DATASET SECTION:
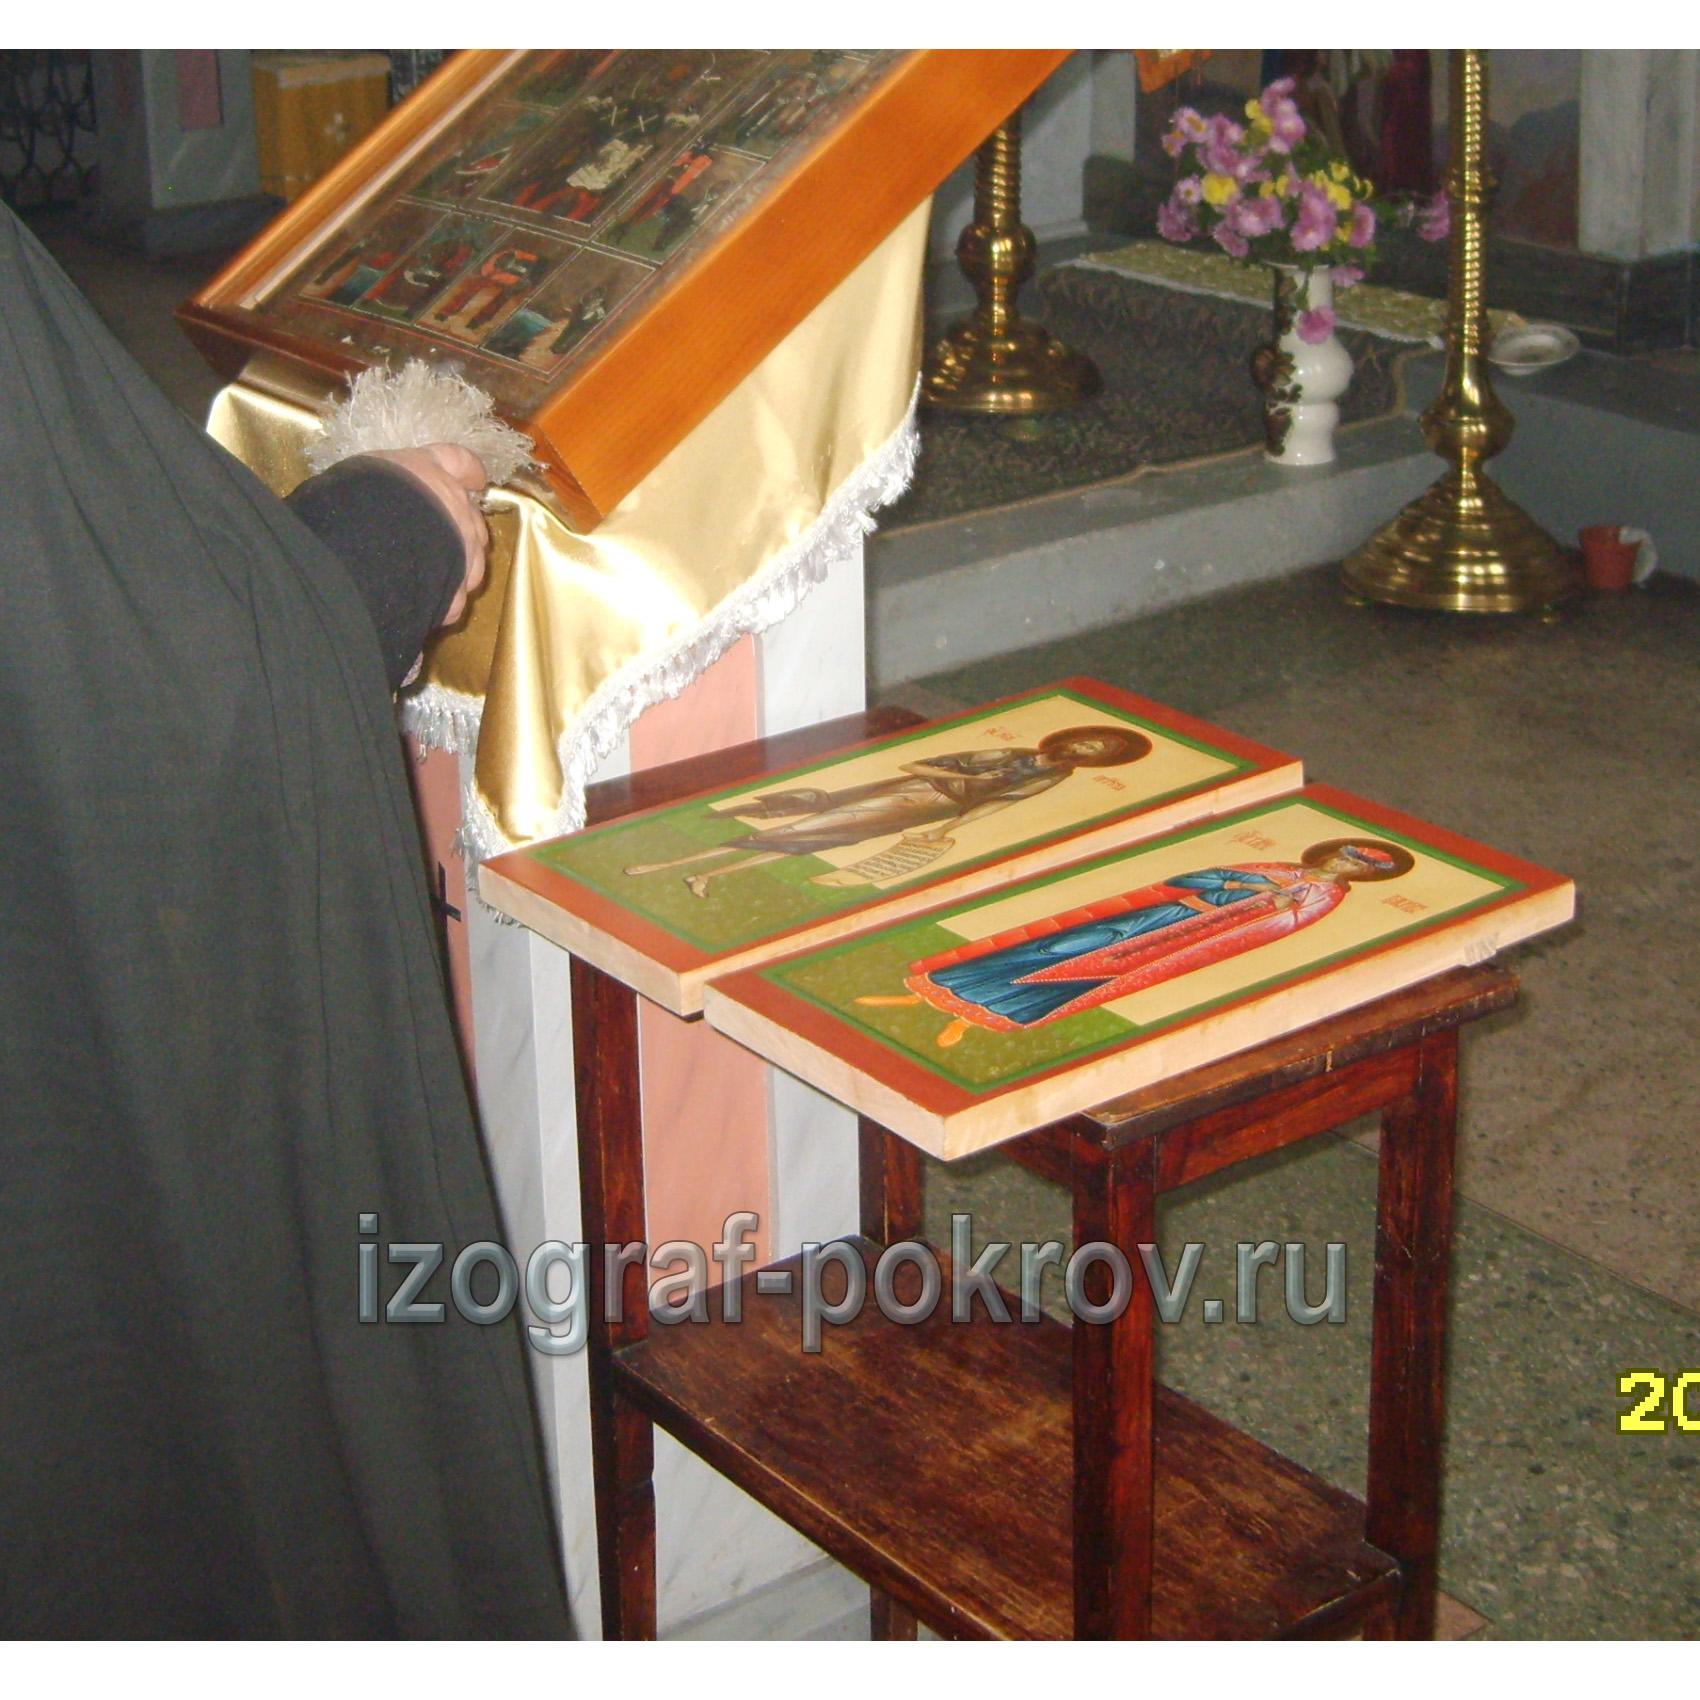 Готовые иконы Иоанна Предтечи и Давида Ярославского освящает настоятель храма Покрова Пресвятой Богородицы
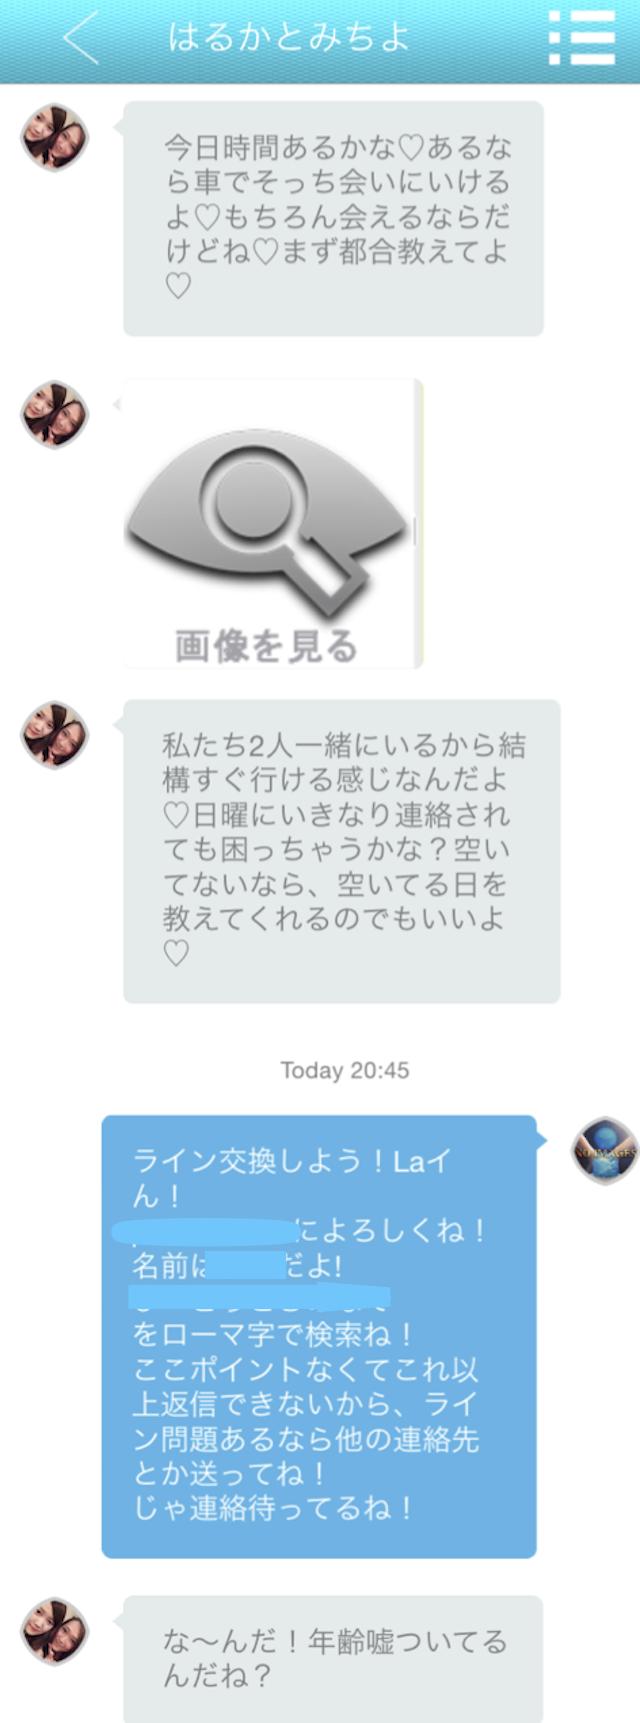 友達フレンズ_アプリ4
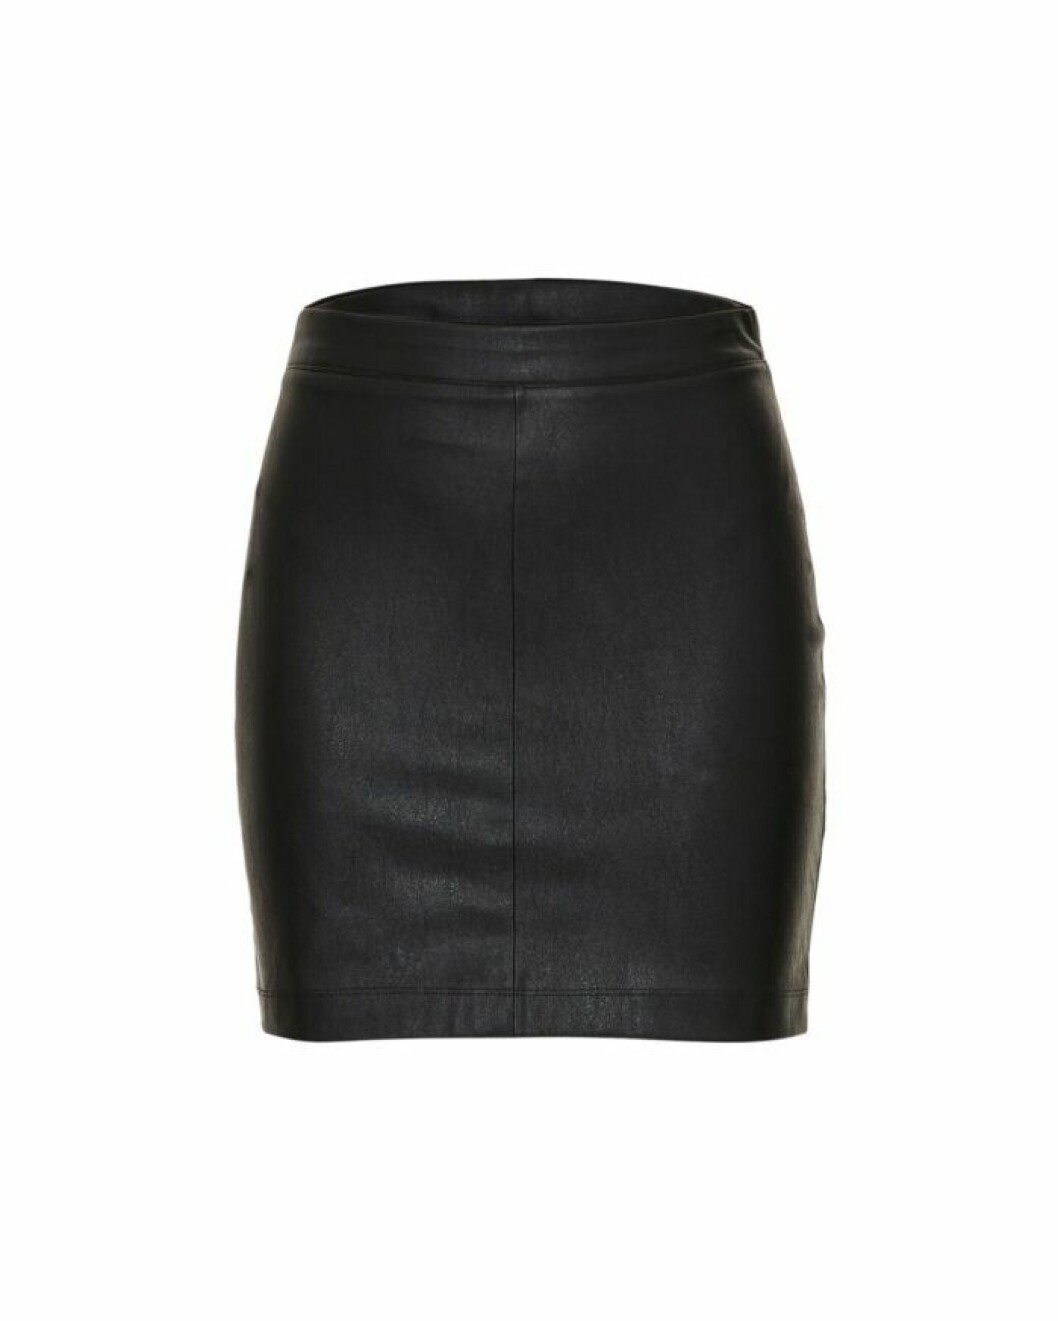 Svart kjol i läderimitation från Wakakuu

TRY IT: Beginning at the line with "友達フレンズ_アプリ4" and ending at the last line of the listing above, retype each line exactly, including those two lines. Leave the pictures out.

TASK OUTPUT:
 友達フレンズ_アプリ4
 Svart kjol i läderimitation från Wakakuu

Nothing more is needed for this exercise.